Almanya tarihi referanslarıyla yeniden domuzluk peşinde. Semboller üzerinde Müslümanları kışkırtmak, değerlerini aşağılamak ve sindirmek istiyor. Bu sadece Müslümanlar için değil Hristiyanlık dışındaki diğer inançlar için de bir tehdit. Saygısızlığı entegrasyon ve hoşgörü kılıfına sokmak da ayrı bir utanmazlık. Almanya’nın isteği huzur dolu bir ortam oluşturmak değil İspanyollardan miras kalan yeniden fetih (reconquista) adını taşıyan İslam düşmanlığına kurumsal zemin bulmak. Bunun için de en büyük müttefiklerini sözüm ona Müslümanlar içinden devşiriyorlar. Domuz yiyen ve İslam’a Almanlardan daha büyük nefret beşleyen “Müslümanlar”.
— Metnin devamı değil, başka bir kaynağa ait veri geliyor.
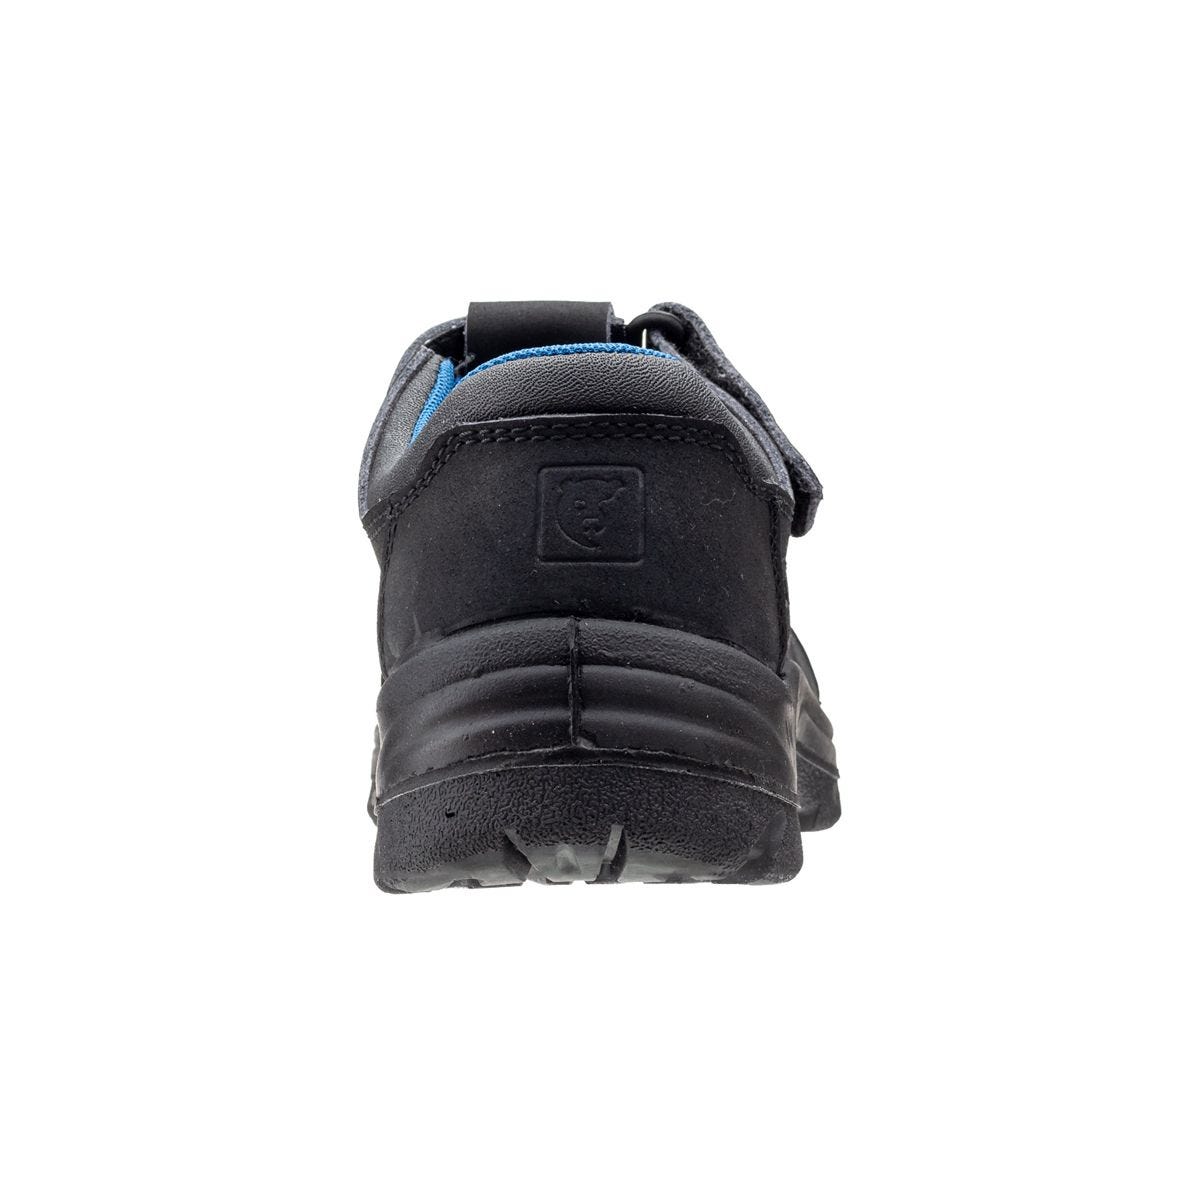 Sandales de travail basses Boni II Noir - Coverguard - Taille 43 2

Tarihi izlerini takip edersek Endülüs ve Macaristan örnekleri Hristiyanlığın hoşgörüsüzlük sınırlarını net olarak gösteriyor. Kurulmaya çalışılan Domuzlar Engizisyonu da bunun en somut kanıtı. Önce sofradan kaldıracaklar sonra yaşadıkları topraklardan. Verilen mesaj net: Domuzlaşıncaya kadar rahat yok size. Çünkü domuzlar diktatoryasının "karayı ak, akı kara gösterebilecek" medyası var.